COLLECTED MATERIAL:
----
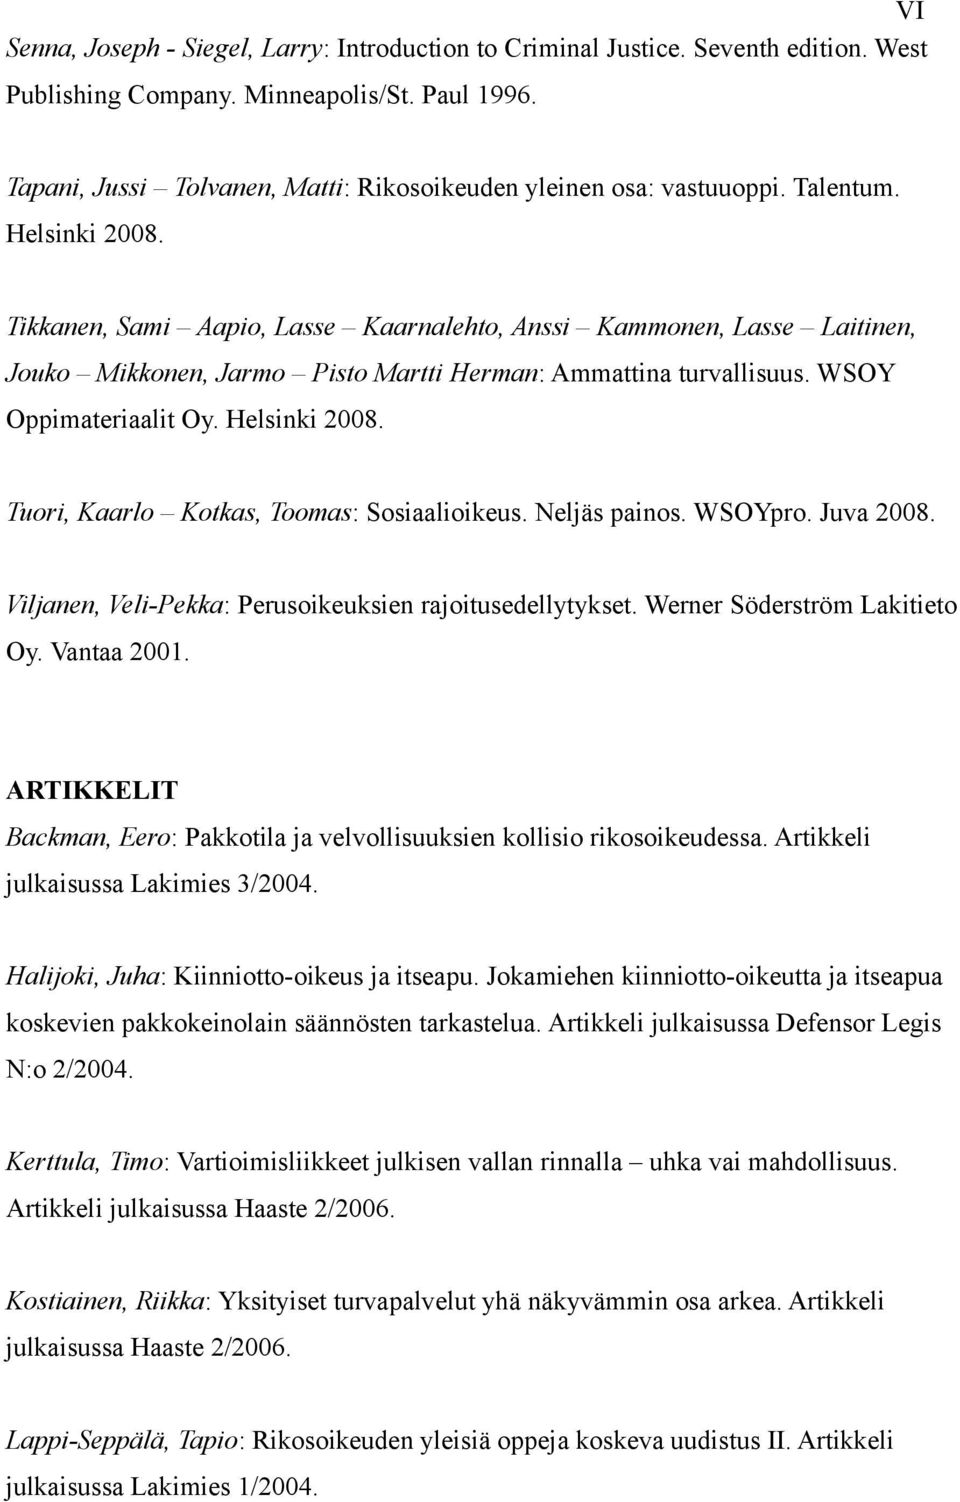 Tikkanen, Sami Aapio, Lasse Kaarnalehto, Anssi Kammonen, Lasse Laitinen, Jouko Mikkonen, Jarmo Pisto Martti Herman: Ammattina turvallisuus. WSOY Oppimateriaalit Oy. Helsinki 2008.
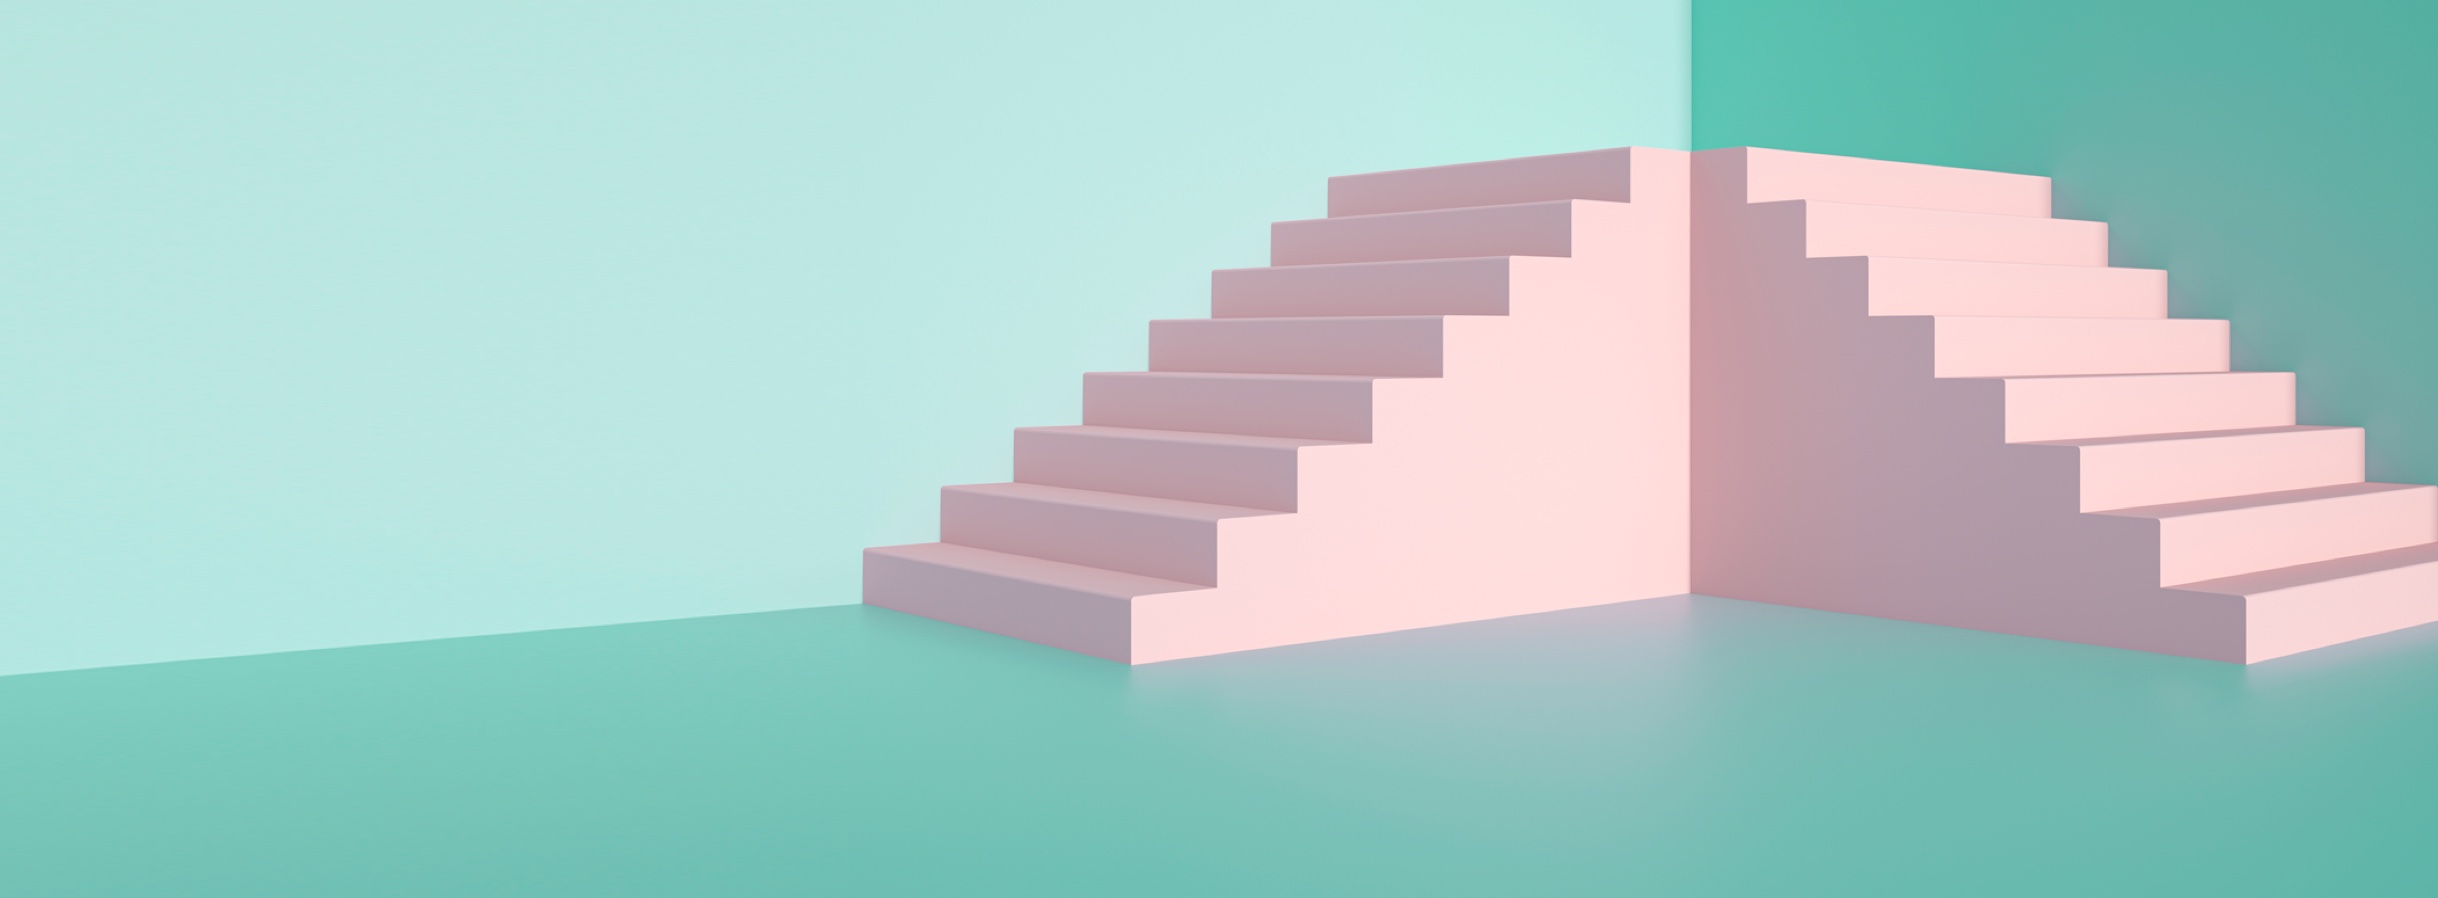 Escaleras
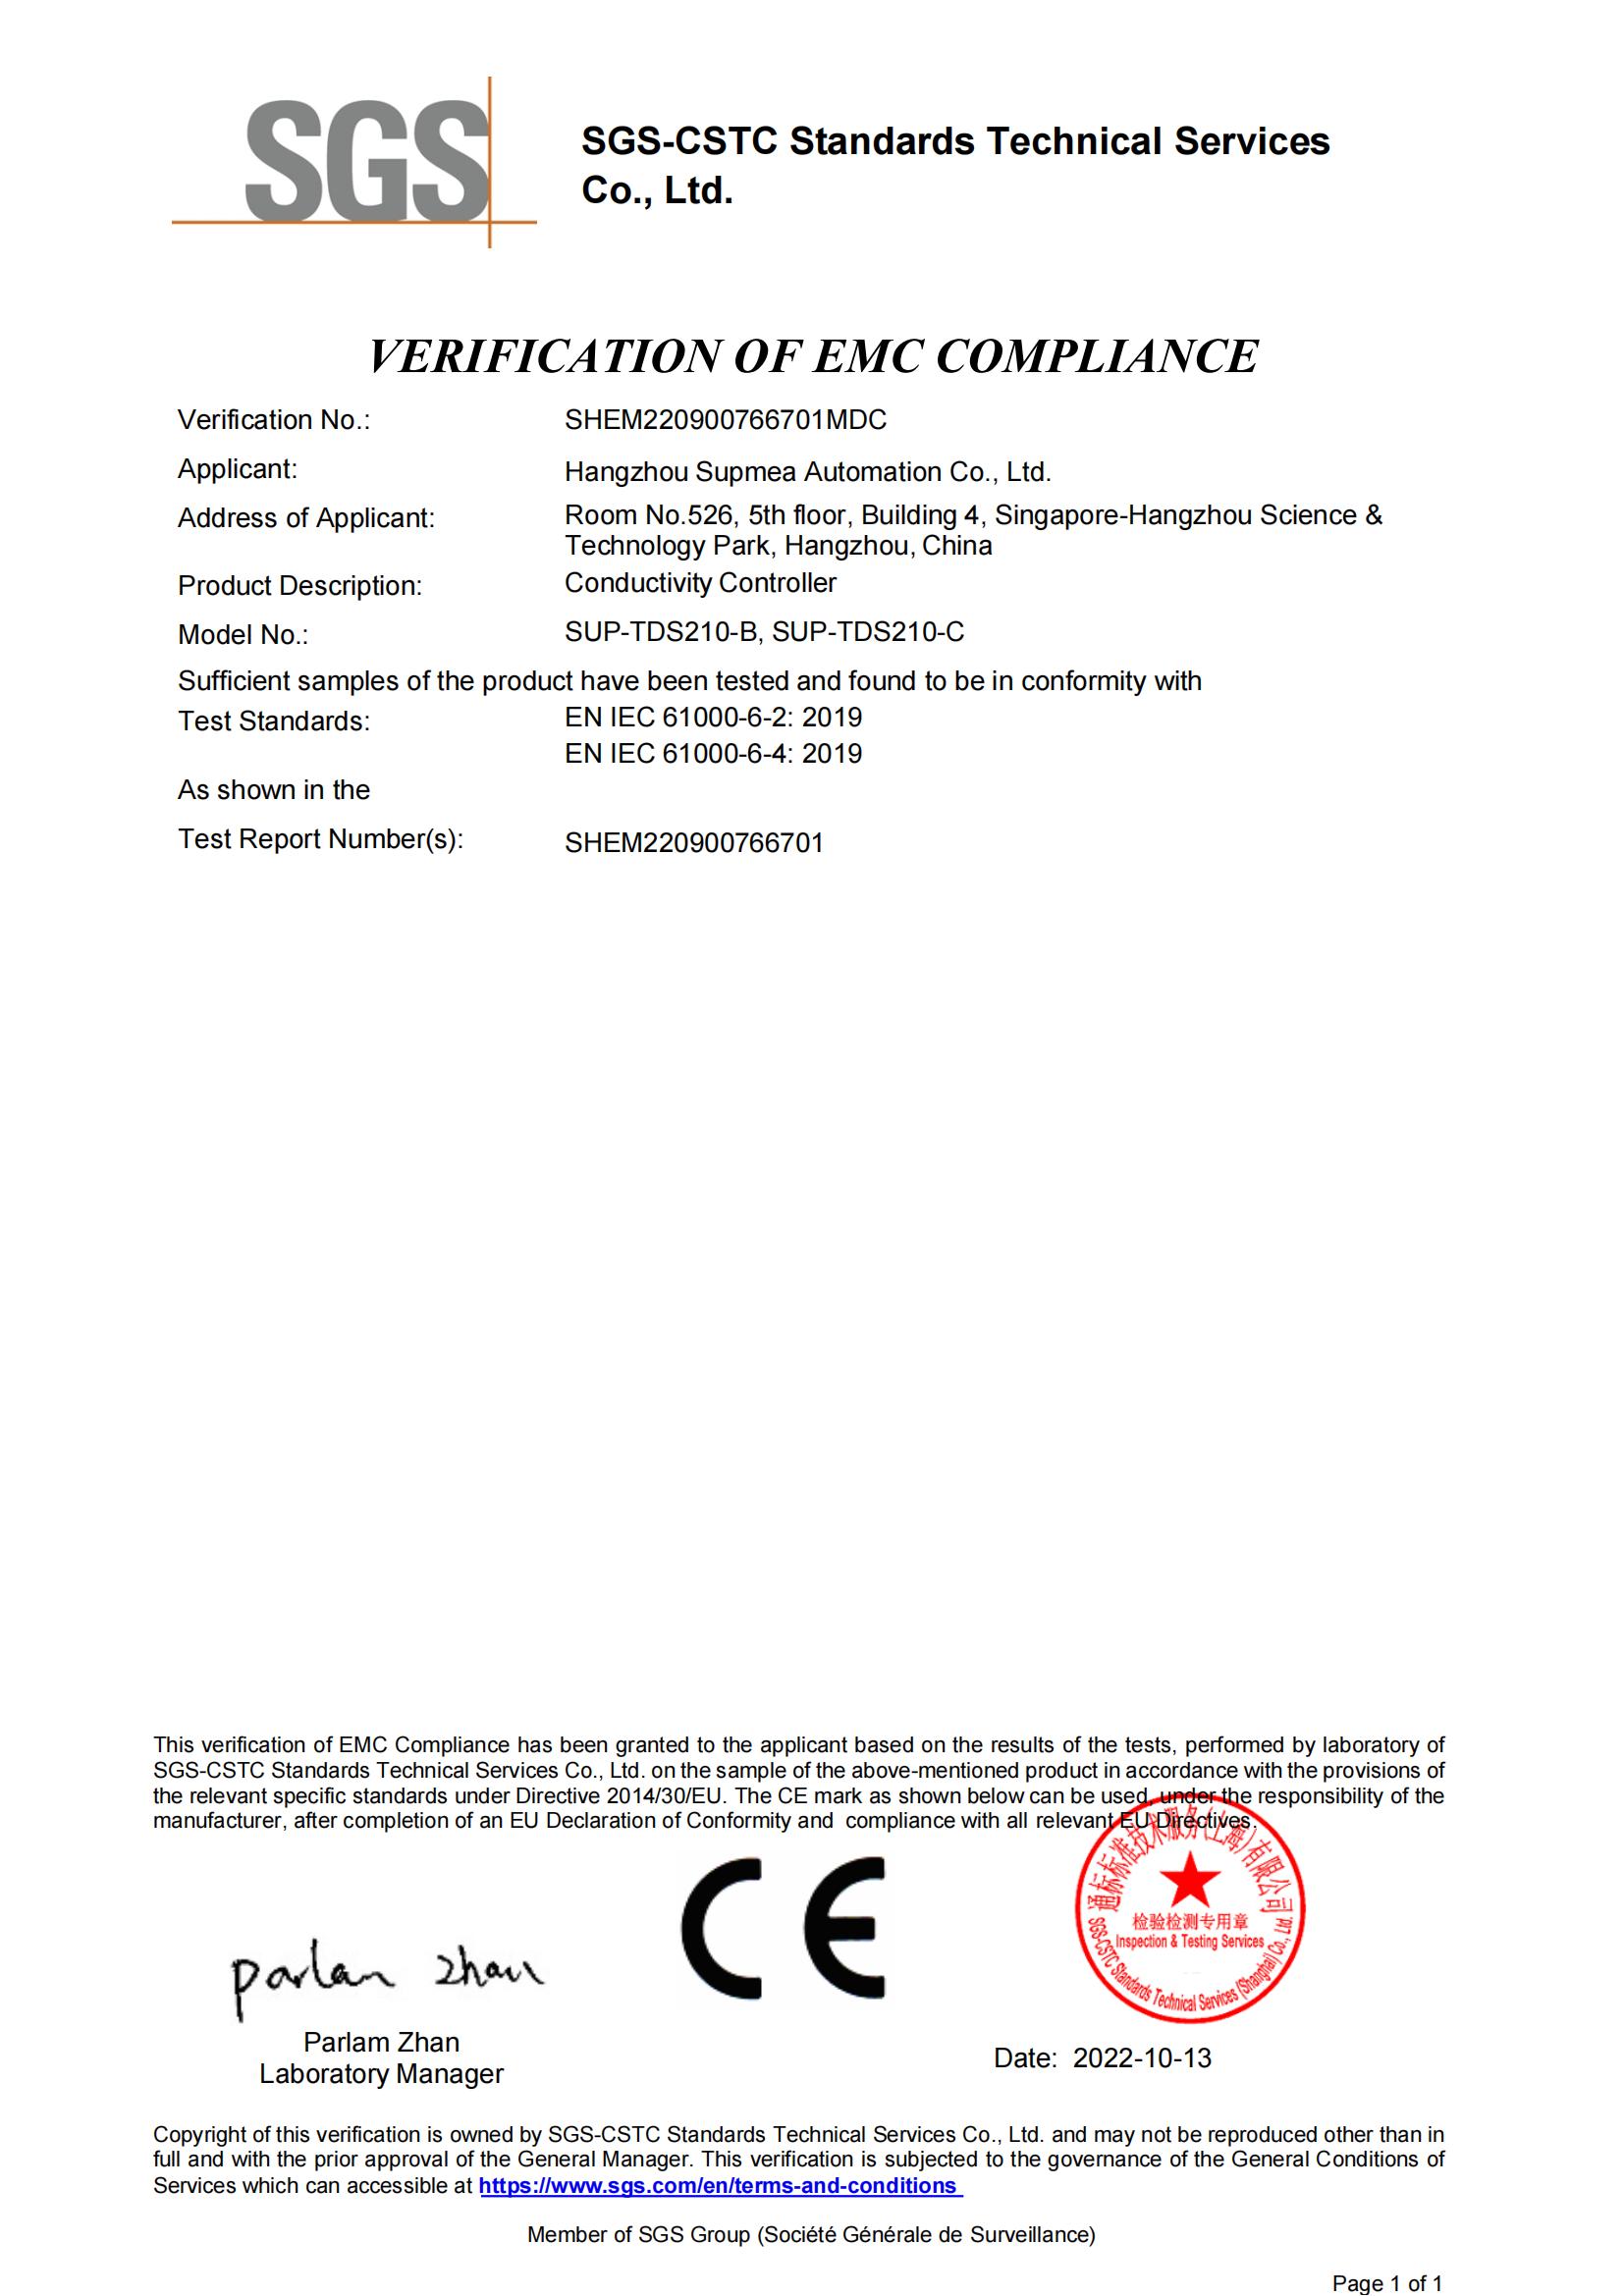 CE certificate (SGS) - conductivity controller
----
YOUR GOAL:
A verbatim transcript of the material above, with images dropped, is the expected output.

REPLY TO THE TASK:
 Tikkanen, Sami Aapio, Lasse Kaarnalehto, Anssi Kammonen, Lasse Laitinen, Jouko Mikkonen, Jarmo Pisto Martti Herman: Ammattina turvallisuus. WSOY Oppimateriaalit Oy. Helsinki 2008.
 Escaleras
 CE certificate (SGS) - conductivity controller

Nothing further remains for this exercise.